Now the question is should investors take a chance on the cloud computing stock that is trading under $10 per share heading into the release of its Q3 fiscal 2020 financial results on Thursday, December 5?
Cloudera is an enterprise data cloud firm that works to provide big data solutions for businesses. The company officially completed its merger with enterprise data peer Hortonworks, Inc. back in January 2019 to help create a more competitive company in a market dominated by the likes of Microsoft (MSFT - Free Report) , Google (GOOGL - Free Report) , and Amazon (AMZN - Free Report) .
With this in mind, CLDR announced in early November its Cloudera Data Platform is available on Microsoft Azure, which could help it expand its reach. However, Cloudera had already scared off many investors when it said in June that CEO Tom Reilly would retire just five months after the Hortonworks merger. The news coincided with a rough first quarter for the already-struggling firm.
Since then, Cloudera has experienced some positivity, some of which came from Carl Icahn. The firm announced in August that it reached a deal with the activist investor that put two of his representatives on CLDR’s board.
The move, which came several weeks after Icahn announced his roughly 13% ownership stake in the beaten-down enterprise cloud firm, marked a “standstill” agreement that might have helped stop a proxy challenge. Investors should note that Cloudera “believes the Icahn Group beneficially owns approximately 18.36%” of its outstanding stock.
Icahn seemed to set his sights on one of the few “cheap” cloud computing stocks on the market. CLDR stock is currently trading at 3.3X forward 12-month Zacks sales estimates, which marks a discount against its industry’s 6.1X average, Dropbox’s (DBX - Free Report) 4.1X, Salesforce’s (CRM - Free Report) 7.1X, and far better than ServiceNow’s (NOW - Free Report) 12.3X.

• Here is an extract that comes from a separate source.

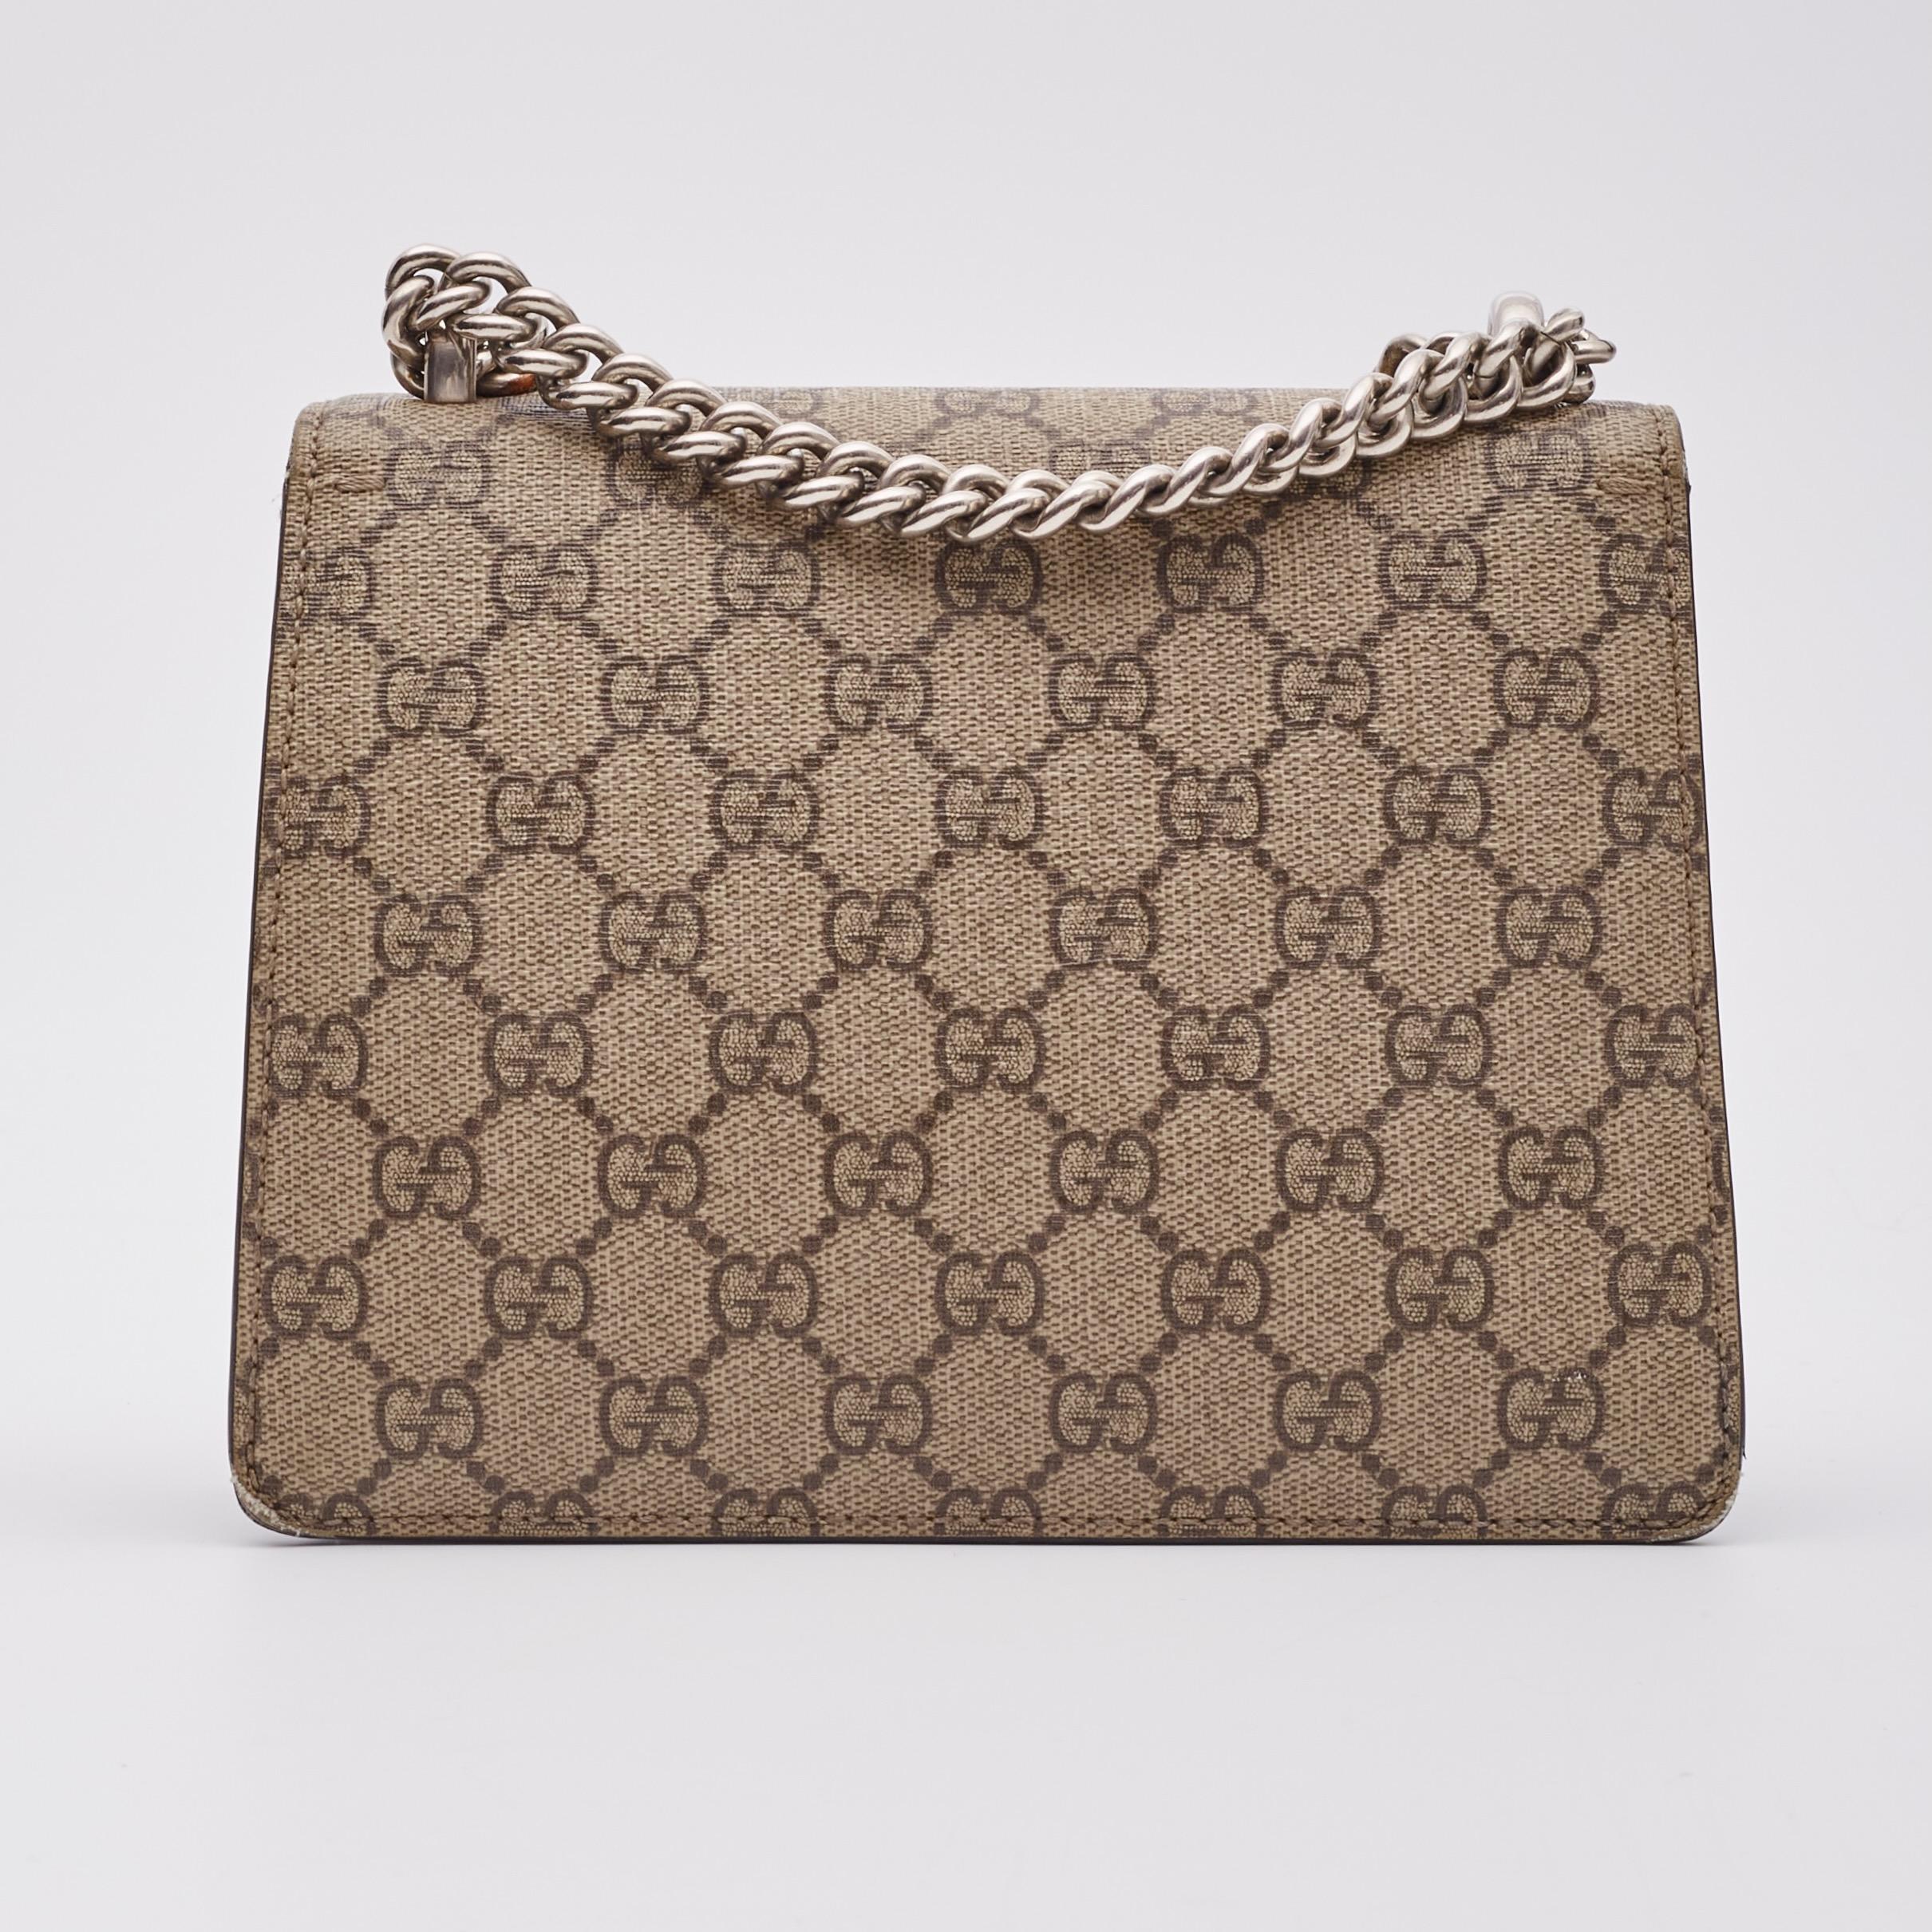 This bag is made of traditional Gucci GG monogram supreme canvas. The bag features an aged silver chain shoulder strap, and a textured horseshoe tiger spur closure. The double flap opens to reveal an exterior black suede flap and a coated canvas

However, Cloudera stock might be called a valuation trap, since it is artificially inflated by CLDR’s downturn since going public. CLDR shares closed regular trading Monday at $9.78 per share, well off their 52-week highs of $15.
Q3 Outlook & Beyond
Looking ahead, the Palo Alto, California-based firm’s Q3 fiscal 2020 revenue is expected to surge 60% from the year-ago period to reach $188.8 million, based on our current Zacks Consensus Estimate. This includes the positive impact of the Hortonworks merger.

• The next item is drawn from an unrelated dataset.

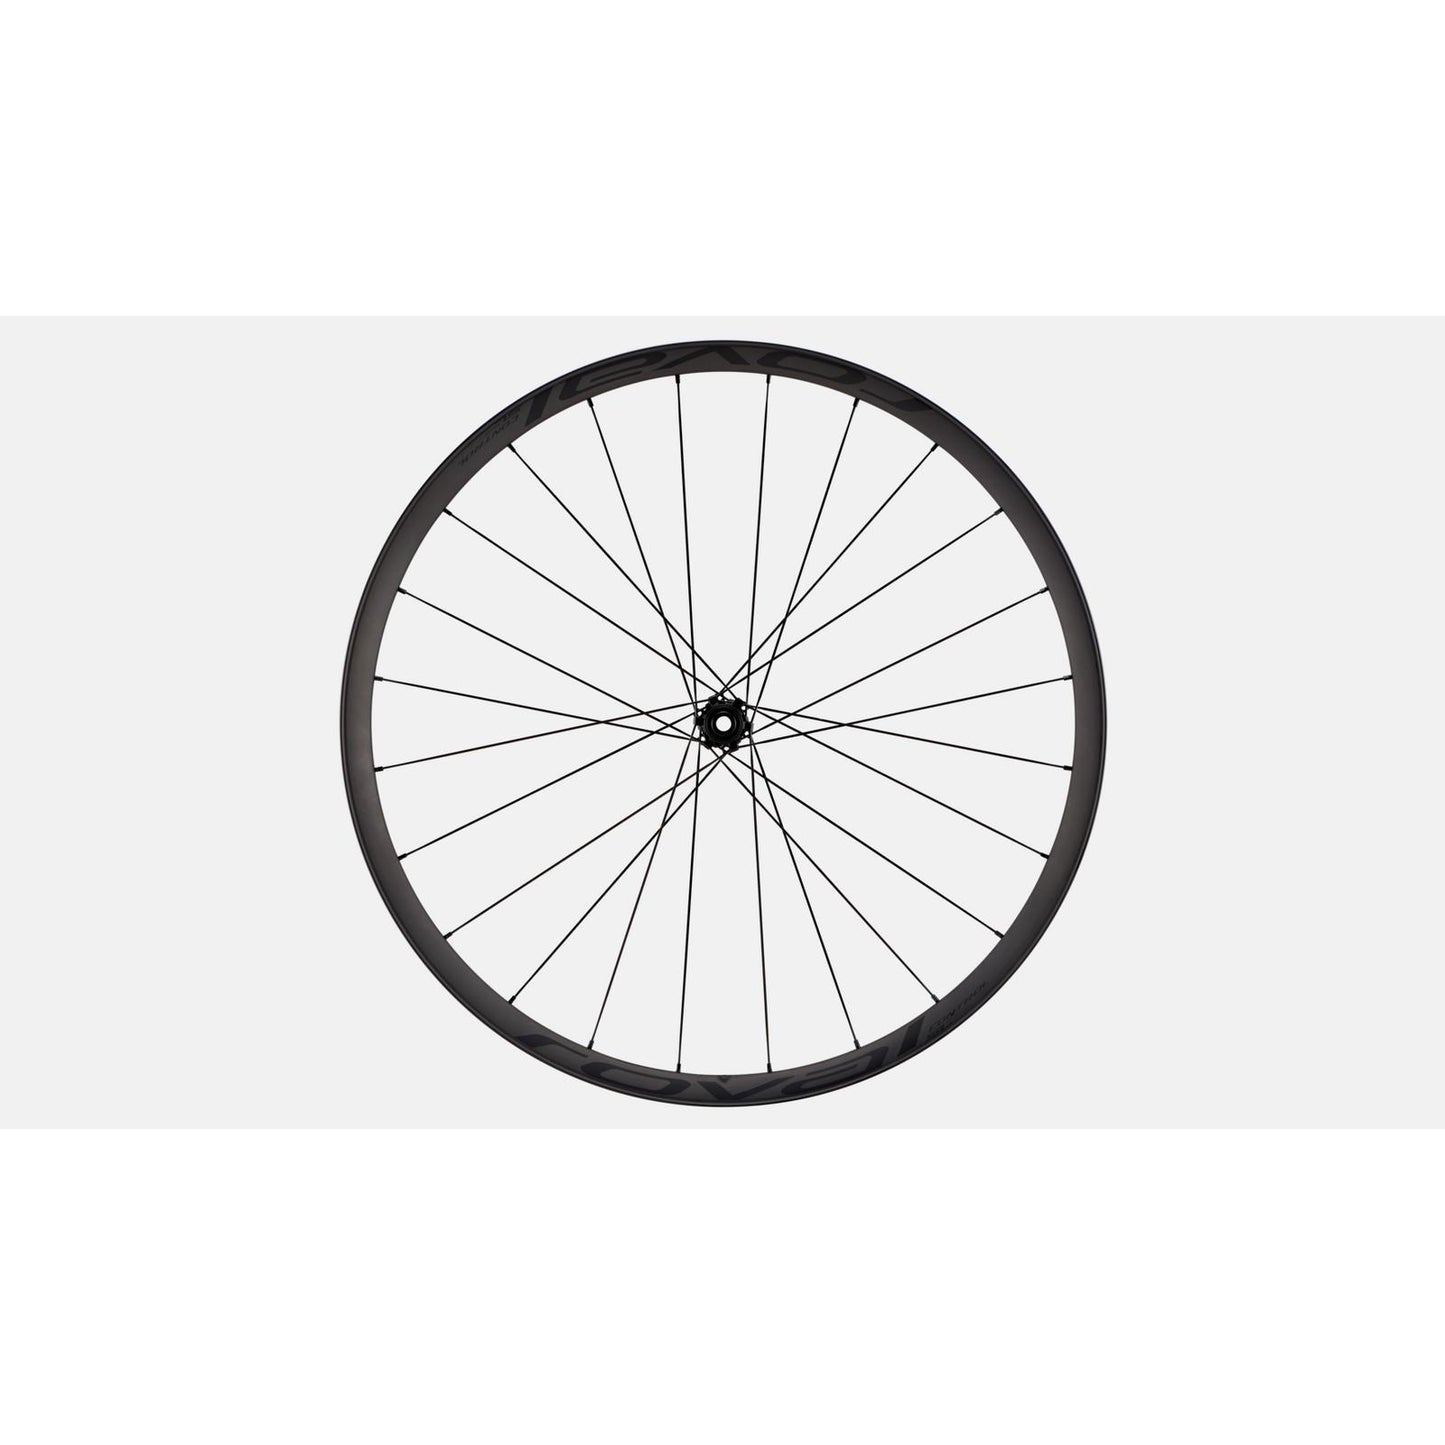 Specialized Roval Control SL 29 6B XD Wheelset - Bicycle Rims - Bicycle Warehouse

The company’s full-year fiscal 2020 sales are then expected to jump 62%, with 2021 projected to come in 10% above our current-year projection at $845.40 million.
At the bottom end of the income statement, CLDR’s adjusted quarterly earnings are projected to fall from a loss of -$0.03 per share in Q3 2019 to -$0.07 per share. On the positive side, the company’s full-year ESP figure is projected to climb from -$0.41 to -$0.23. Better still, Cloudera’s adjusted fiscal 2021 loss is expected to come in at just -$0.05 a share.
Cloudera is currently a Zacks Rank #4 (Sell), based mostly on a slight downturn in its longer-term earnings outlook. The company is still expected to expand within a growth industry and at least one established outsider has shown some faith in the firm recently.
Therefore, investors who can handle some risk might want to think about buying some shares of Cloudera before it reports after the closing bell on December 5. Others might want to scoop up the cheap tech stock if it is able to impress Wall Street like it did last quarter.